Rogers lost her job under murky circumstances. Hemant Mehta (Friendly Atheist) did some sleuthing and tried to find out what happened:
Board President Amanda Metskas told me her Republican credentials were always viewed as an opportunity for the Secular Coalition which is a nonpartisan organization to expand its reach and influence beyond so-called traditional political boundaries.
(ANOTHER woman, Amanda Metskas. Damn, we evil misogynist atheists are doing a lousy job of keeping the wimmen down...)
I've linked to the piece because the comments are interesting. Notice how many women comment, and the diversity of opinion about Rogers and atheism in general.
And one commenter, IMO, hits the nail right on the head:
http://www.patheos.com/blogs/friendlyatheist/2014/06/10/why-was-edwina-rogers-fired-from-the-secular-coalition-for-america/
trotsky
(49,533 posts)This is a chance for every religionist or religion defender to once and for all (in their minds) negate ANY criticism of the sexism inherent in all the major religions. "See?? Atheists are sexist too!" Of course, it never dawns on these folks that that was never in dispute. HUMANITY has a sexist problem. The advantage atheists have is that we have no book or doctrine or leader that says it's fucking required.
Act_of_Reparation
(9,116 posts)Every civil rights movement has, at some point, come to a loggerheads with itself over inclusion. The labor movement had to come to terms with racism. The civil rights movement needed to come to terms with sexism. The feminist movement needed to come to terms with with an assortment of varying and often contradictory political positions within its ranks. The atheist movement isn't all that different. There are, in our ranks, a wide variety of people whose concerns are literally across the board. Mostly, I think we're fighting over how many of those interests, if any, should be incorporated into the wider movement. A lot of atheists see feminism as an "encroachment", distracting from the purpose of addressing secular concerns. Or, they simply aren't interested in taking up other causes; they just don't feel as passionate about them, and feel out of their element whenever they come up.

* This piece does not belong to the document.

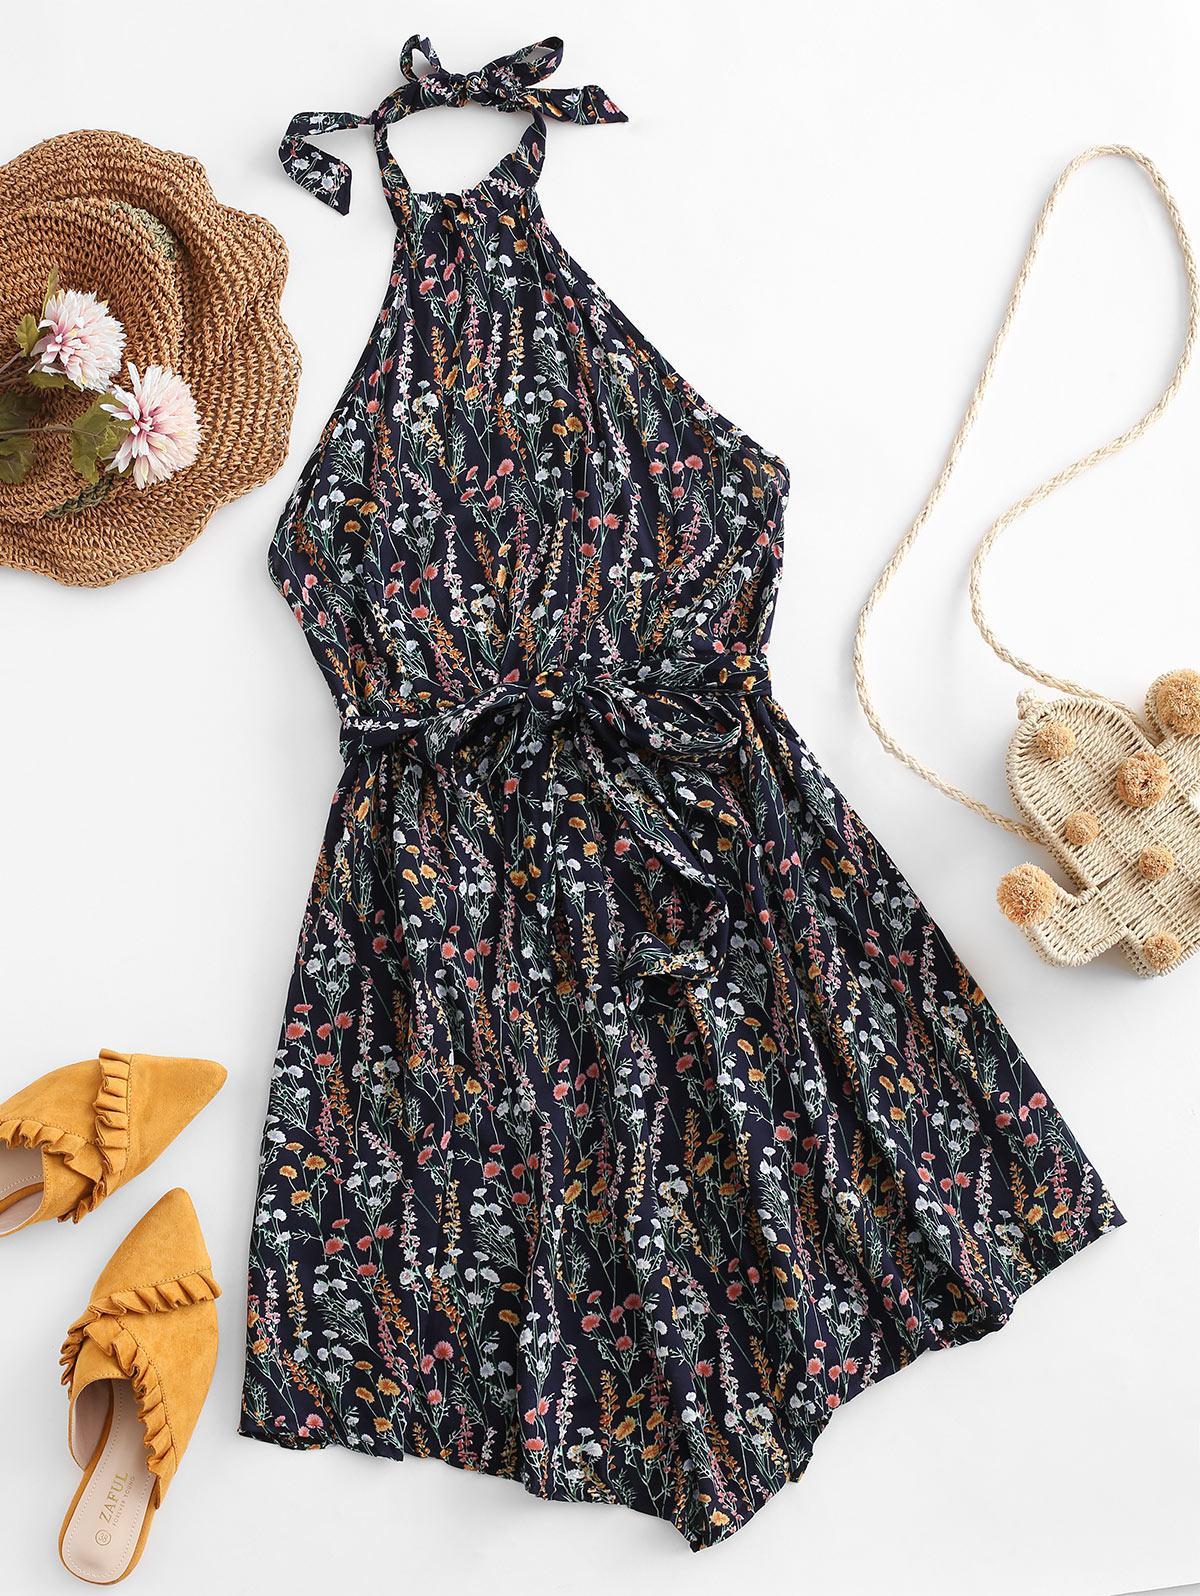 Tiny Floral Backless Belted Halter Dress

That is, in my opinion, the root of the problem.
Now, are there people within the movement who hold sexist opinions? I think so, yes. But when the religionists point to the debates we're having and say, "SEE! TEH ATHIESTS ARE SEXISTS!", they are forgetting one very important fact: that, unlike some religions I know, we are self-policing. The only reason Salon is publishing articles on this mess is because atheists were the first people to bring it up. It isn't coming to light 50 years after the fact because, unlike some religions I know, everyone wasn't deliberately looking the other way when it happened.
The religionists also overlook the role socialization plays in the development of certain attitudes. Railing against religion doesn't change the fact that we were all raised from birth in societies in which the religion of the majority has shaped our perceptions of gender and its place in society. It is easy to point out and criticize the most flagrantly sexist notions of the religions, but it is much harder to recognize, much less divorce one's self, of the subtle, seemingly innocuous attitudes that are ingrained into our very social fabric. So while the religionists rail against "sexist atheists", they are completely ignoring the role their religion played in shaping peoples' attitudes.
All I can say to them is this: I am actively challenging the perceptions of my so-called "leaders". I am not tossing money at men who say things I find objectionable. I am not buying their books. I am not going to their conferences. I am not listening to their podcasts. I am not watching their YouTube channels. So, anyone still throwing money into the collection plate this Sunday can kindly shut the fuck up.
AlbertCat
(17,505 posts)But it IS!
Unless you are appealing to the "men know nothing" branch of feminism... a branch that seems to be part of the problem.